Scientists map soil carbon from the air
8 January 2009, by Tom Marshall
Geologists have found a way to improve estimates of the concentration of organic carbon in the soil.
The researchers have created an accurate map of the carbon content of Northern Ireland's soils by using information from airborne surveys of ground radiation to supplement data from soil samples taken across the country.
Sampling soil on the ground is time-consuming and expensive; airborne geophysical measurements are far easier and cheaper to make across large areas.
The problem until now was that airborne sensors only looked at the Earth's surface, not at what was hidden beneath. Especially in areas of heavy vegetation, they are of limited use for looking at the carbon underground. Instruments to measure soil radiation, by contrast, look deeper into the earth.
'The beauty of using airborne radiometric sensors is that it lets us look beneath the surface of the soil,' says Dr Barry Rawlins, a soil scientist at the British Geological Survey (BGS) who worked on the research along with co-author Dr Ben Marchant at Rothamsted Research.
By using these airborne readings of soil radiation as a proxy for carbon content and taking them into account in models, the scientists found that soil carbon could be accurately estimated across a wide area based on only a few direct carbon measurements.

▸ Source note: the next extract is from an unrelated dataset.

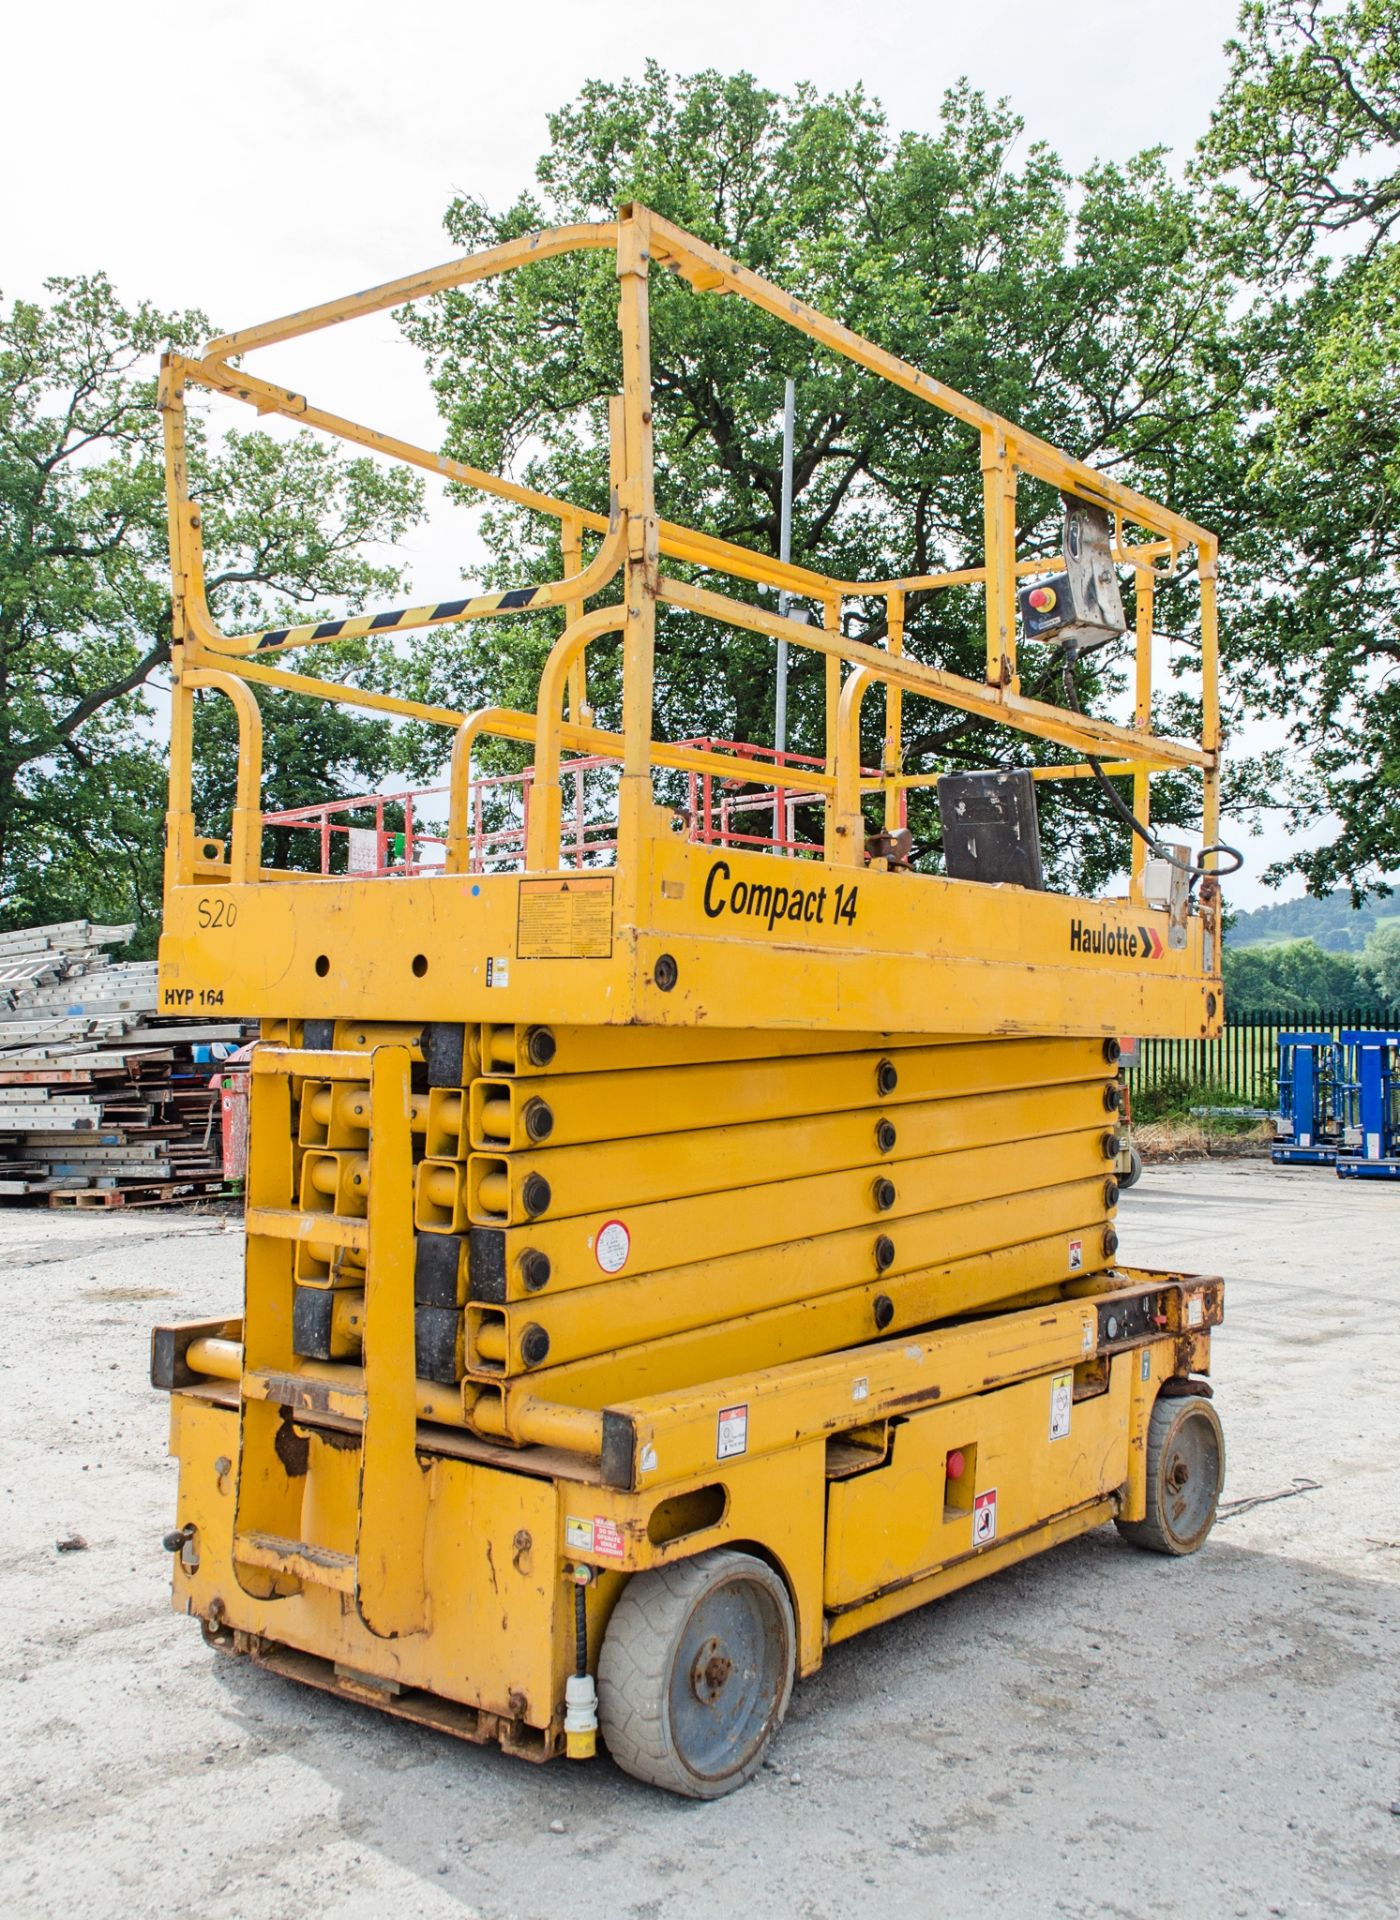 Haulotte Compact 14 battery electric scissor lift Year: 2010 S/N: CE143402 Recorded hours: 481

Indeed, they say that instead of taking more than 6500 soil samples in a recent survey, they could have arrived at a comparably accurate soil carbon map with just 300 core samples if these were supplemented by airborne sensing.
Taking stock of carbon
Accurately assessing stocks of carbon in the soil is important because in many areas the soil is expected to emit carbon into the atmosphere as temperatures rise and microbial activity increases.
The United Nations Framework Convention on Climate Change obliges countries to understand the carbon-related emissions from their soils. Before we can predict how much carbon is being given off, and how this may change in future, we need to understand how much is there already.
Scientists from BGS and Rothamsted Research were joined on the project by collaborators from Belfast's Agri-Food and Biosciences Institute and the Geological Survey of Northern Ireland. Their findings appear in the European Journal of Soil Science.
Most of the data behind the study comes from the Tellus programme, under which scientists surveyed the geology of Northern Ireland during the summers of 2005 and 2006, covering some 13,550 square kilometres using low-flying aircraft. The airborne survey and associated soil sampling, both managed by the Geological Survey of Northern Ireland, were financed by the Northern Ireland government.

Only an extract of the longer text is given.